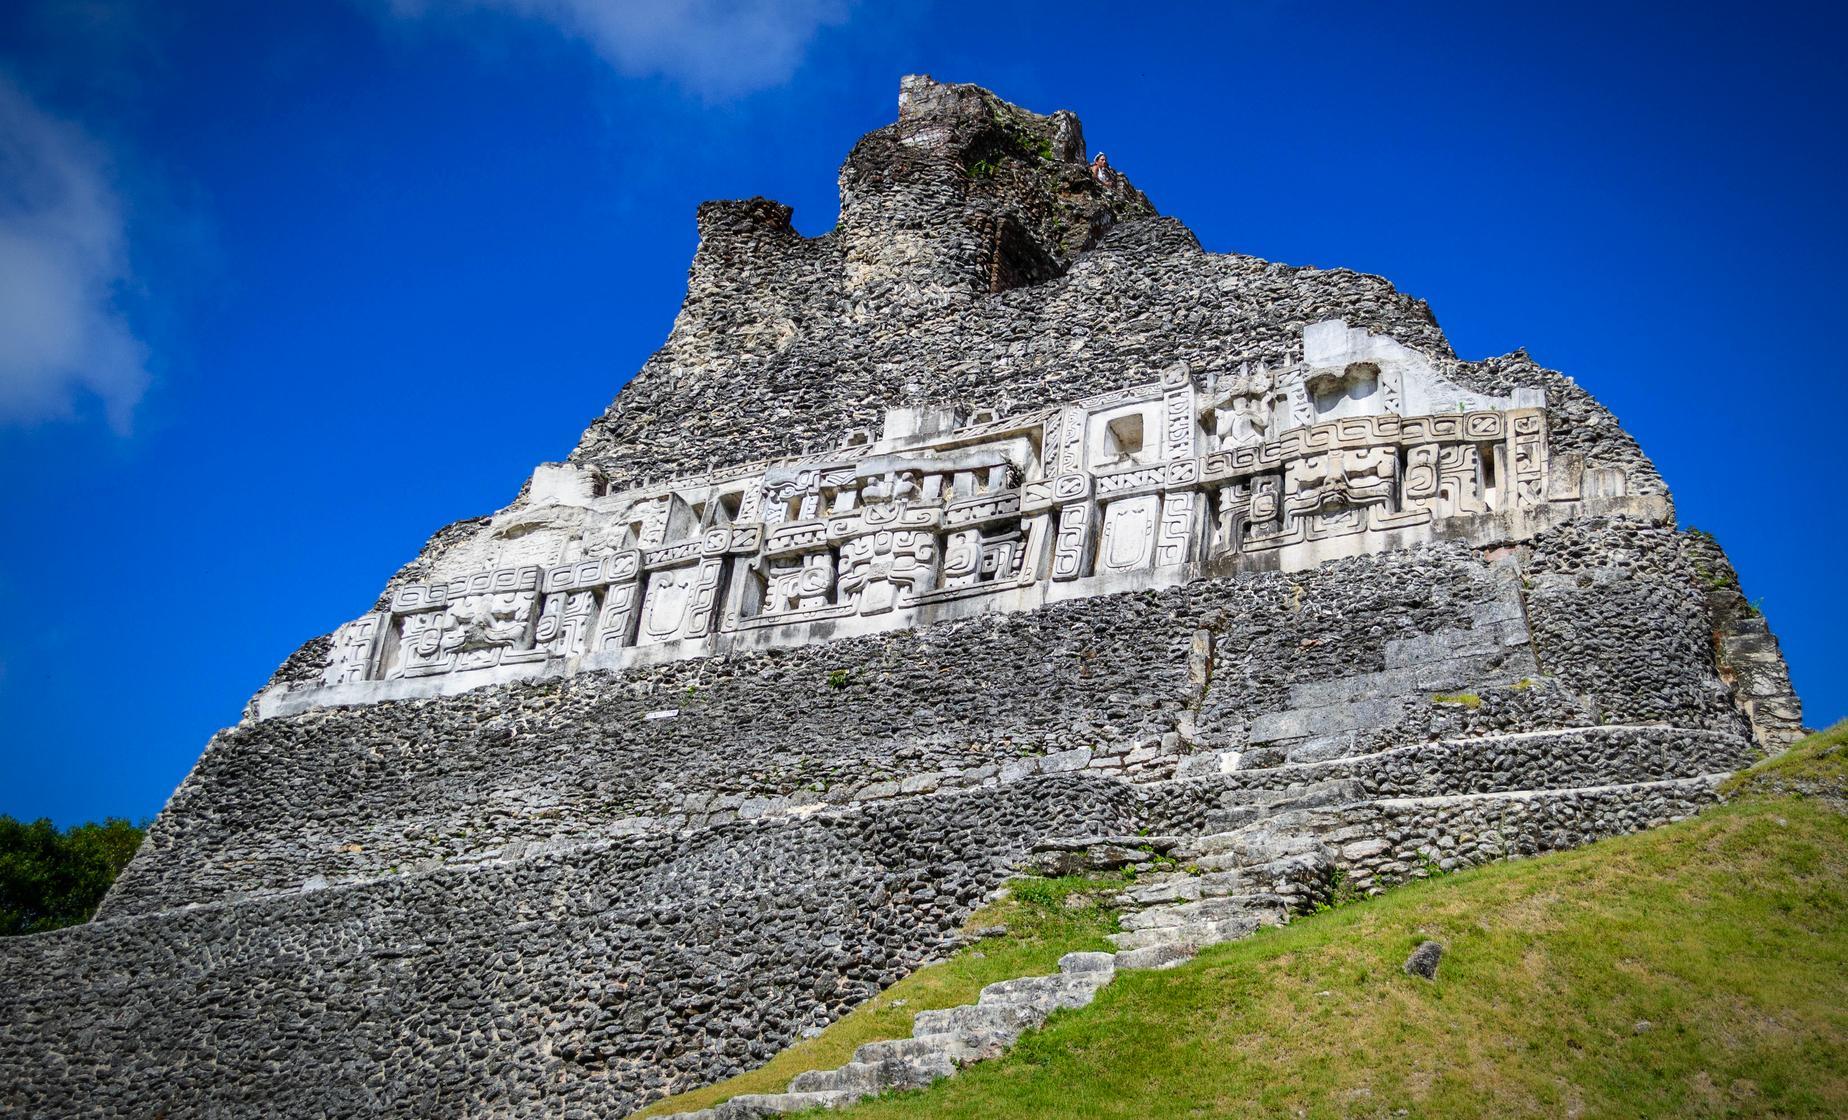 The Ruins of Xunantunich
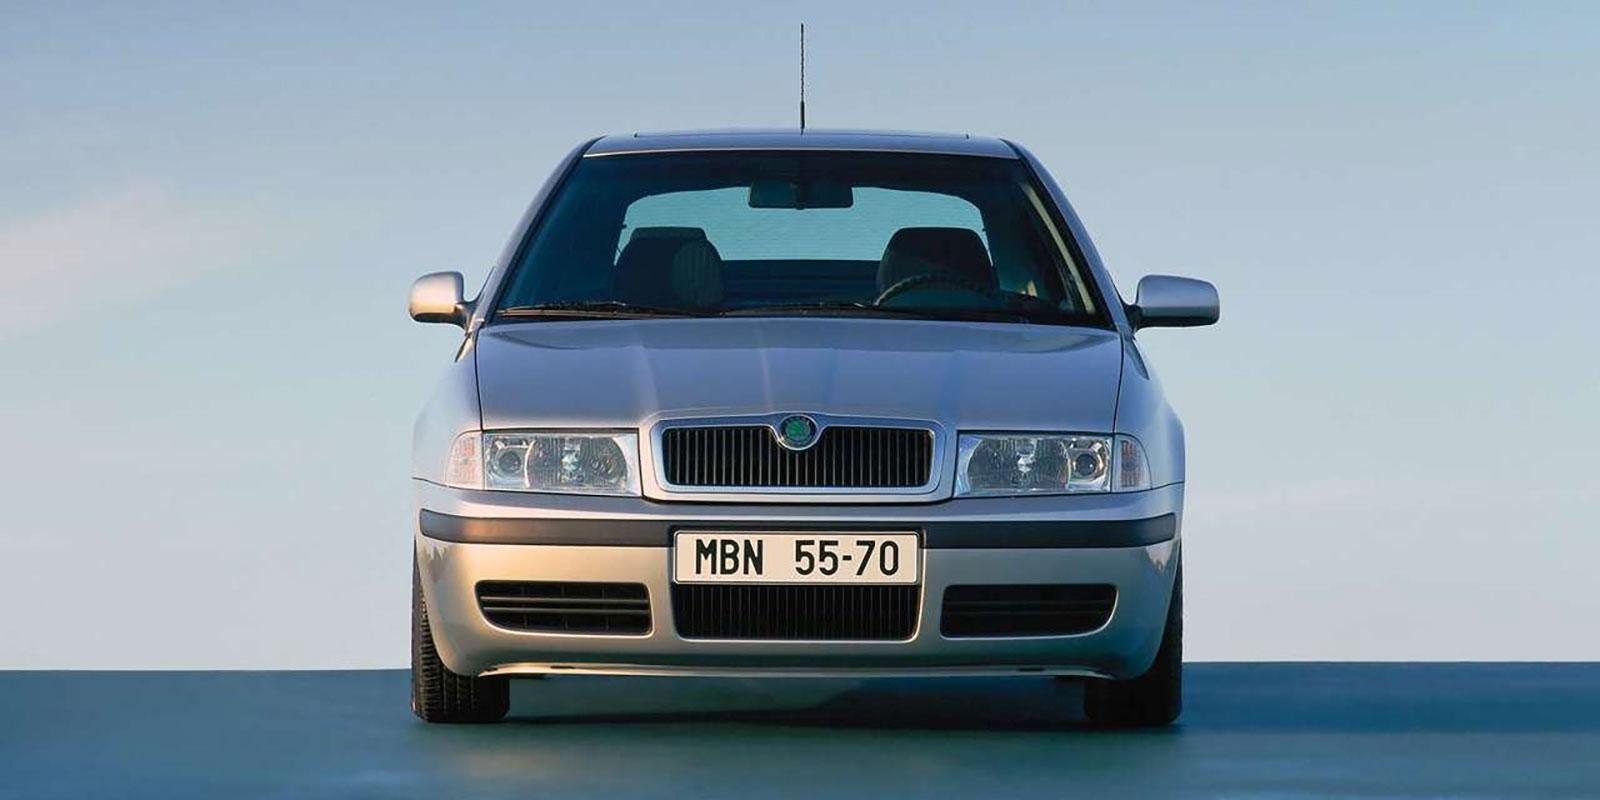 Havarijní pojištění pro starší vozy má také svůj význam. Jak ho sjednat tak, aby se vyplatilo?
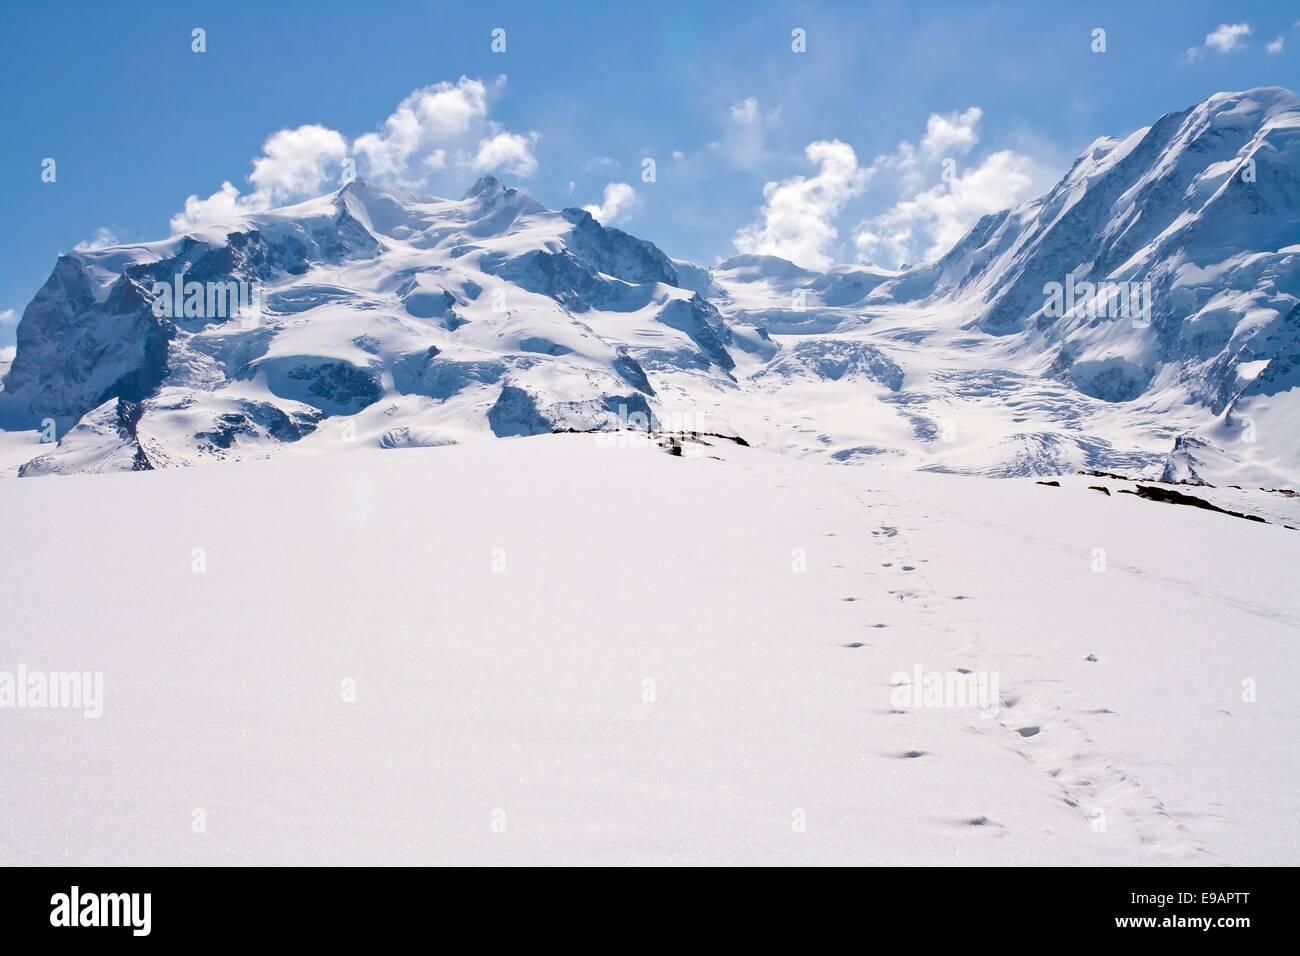 Snow Mountain Range - Stock Image

* BRIEF: Beginning with the line that contains "Havarijní pojištění pro" and ending with the final line of the material, reproduce those lines exactly and nothing else. Omit the pictures.

* ANSWER TO THE PROBLEM:
 Havarijní pojištění pro starší vozy má také svůj význam. Jak ho sjednat tak, aby se vyplatilo?
 Snow Mountain Range - Stock Image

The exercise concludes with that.